» Task to complete: In the listing below, start your output at the line with "Carnegie Melon Logo" and end it after the line with "Modern Nail Salon", copying every line exactly.

» Extracted data:
*-*-*

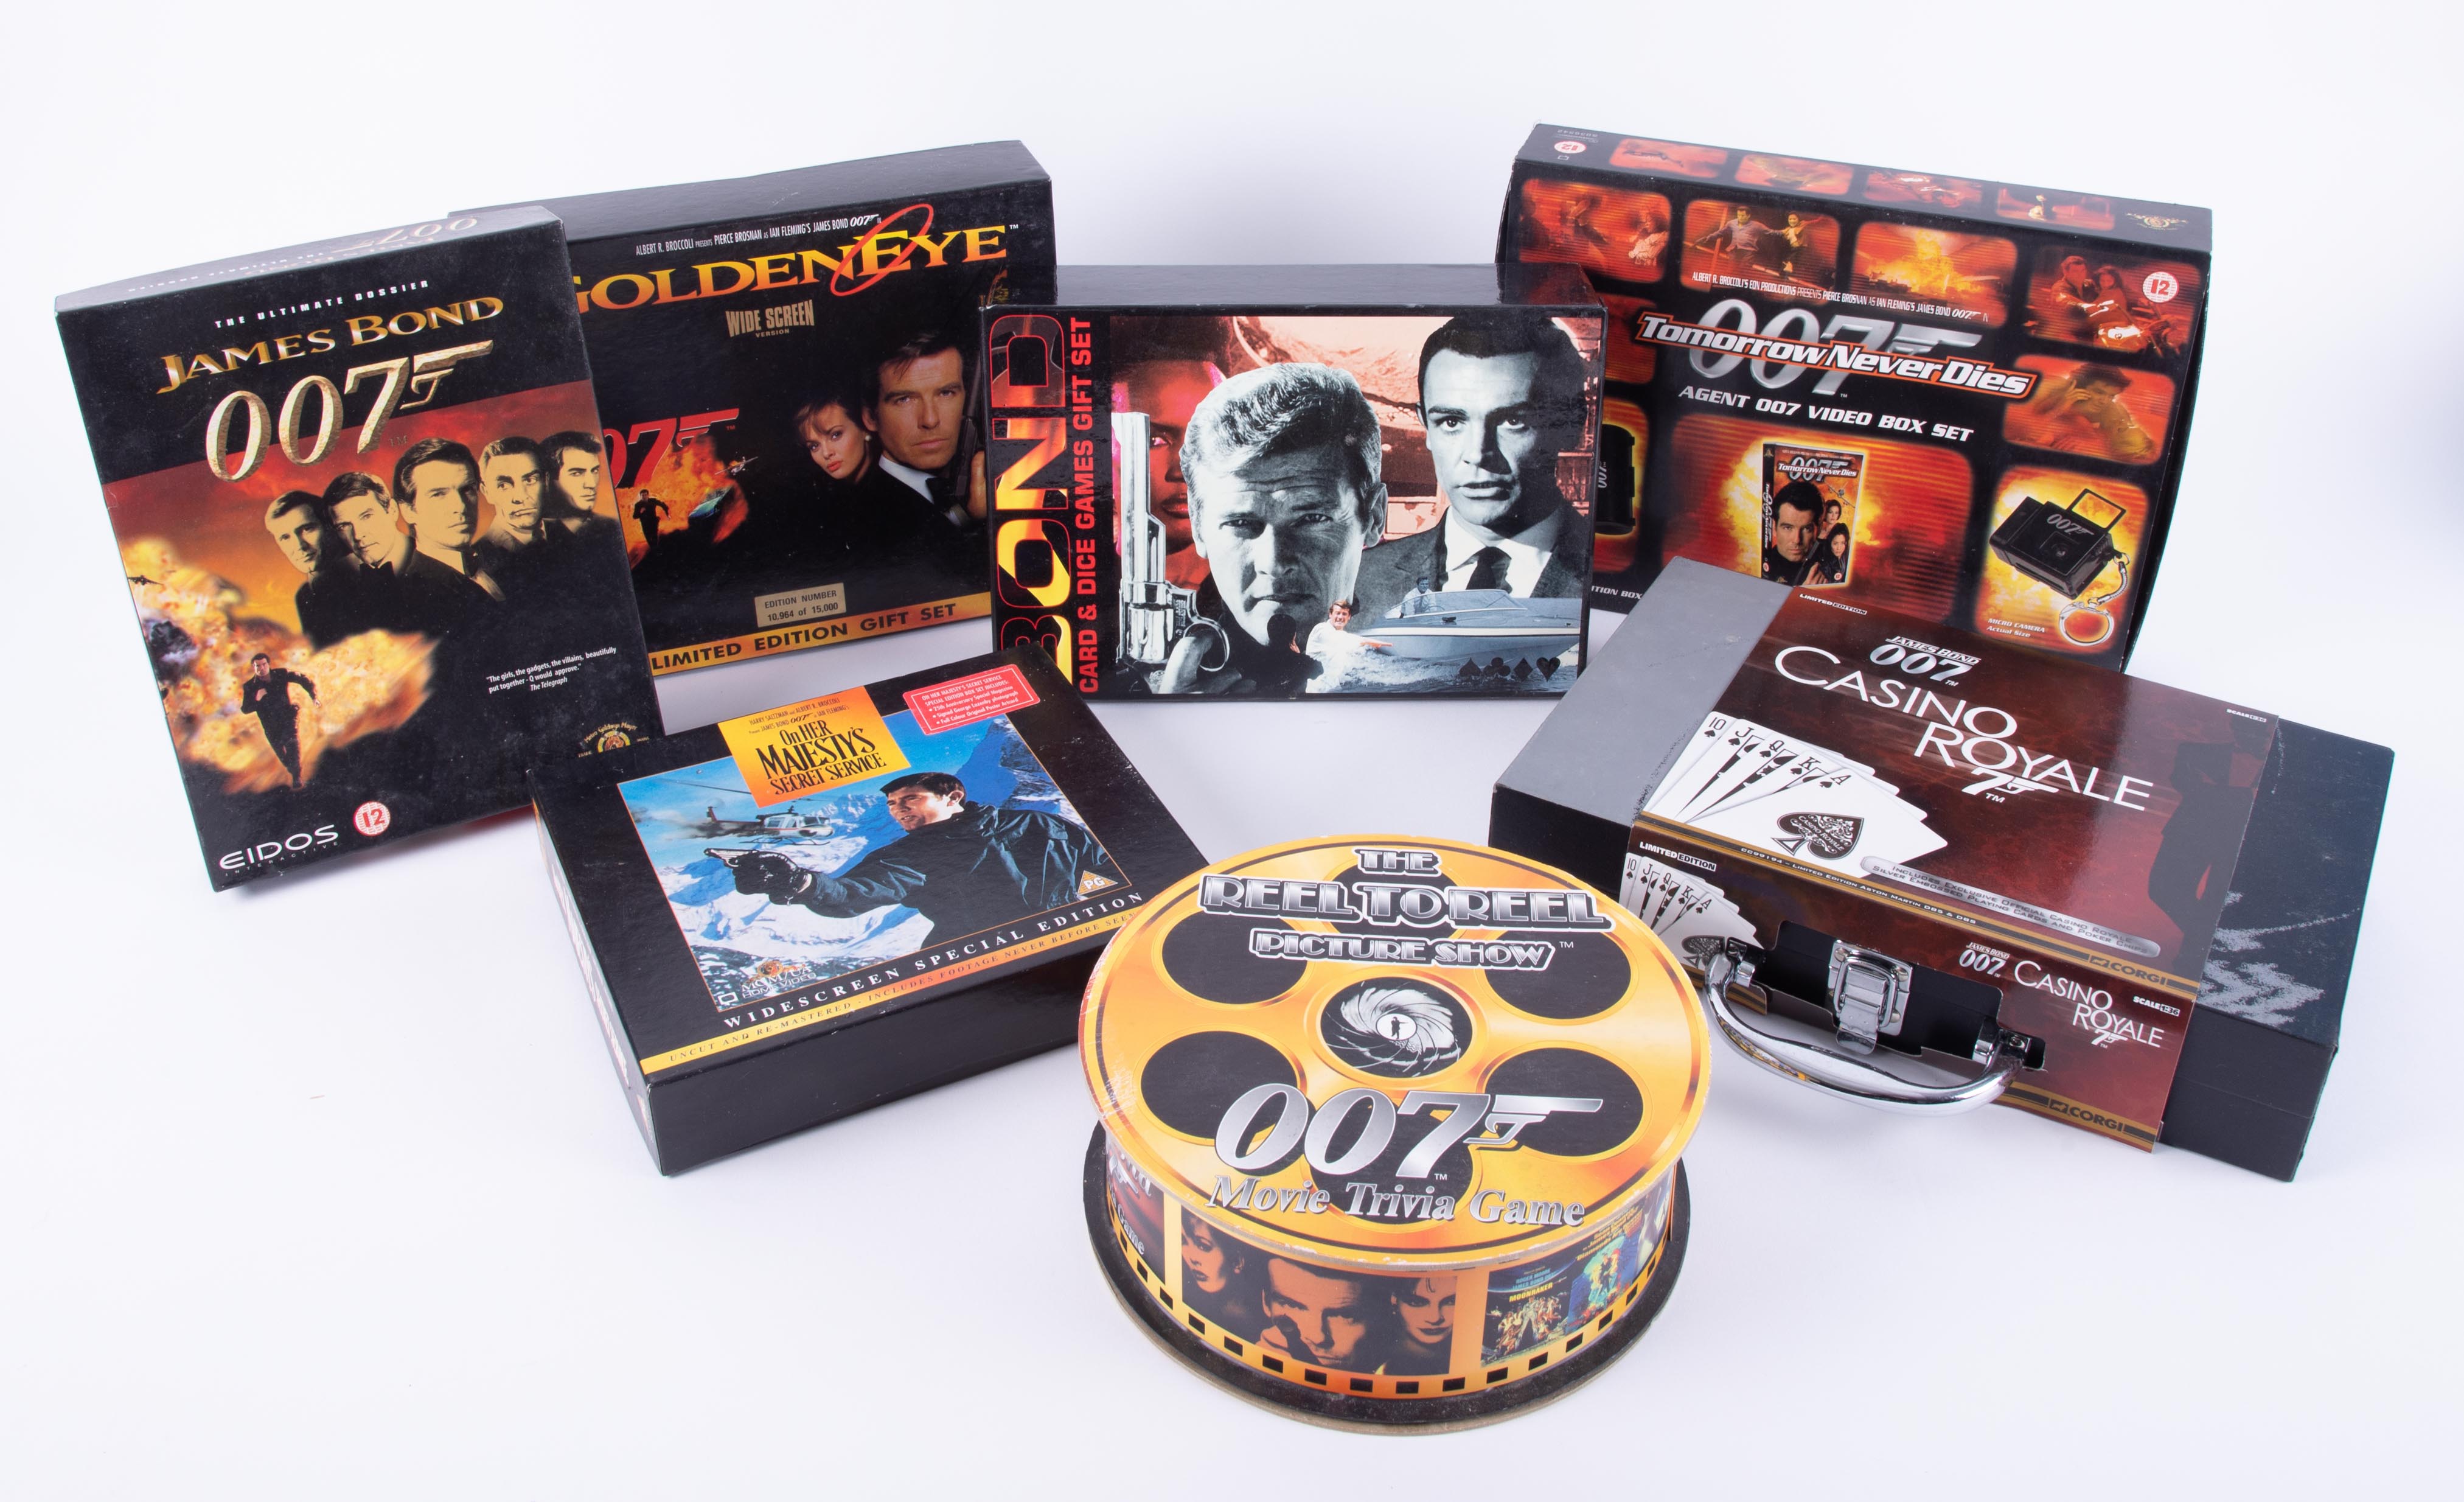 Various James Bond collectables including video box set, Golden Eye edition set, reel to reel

*-*-*

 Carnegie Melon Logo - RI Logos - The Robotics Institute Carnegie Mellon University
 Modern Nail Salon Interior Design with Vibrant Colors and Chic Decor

*-*-*

» Your response:
 Carnegie Melon Logo - RI Logos - The Robotics Institute Carnegie Mellon University
 Modern Nail Salon Interior Design with Vibrant Colors and Chic Decor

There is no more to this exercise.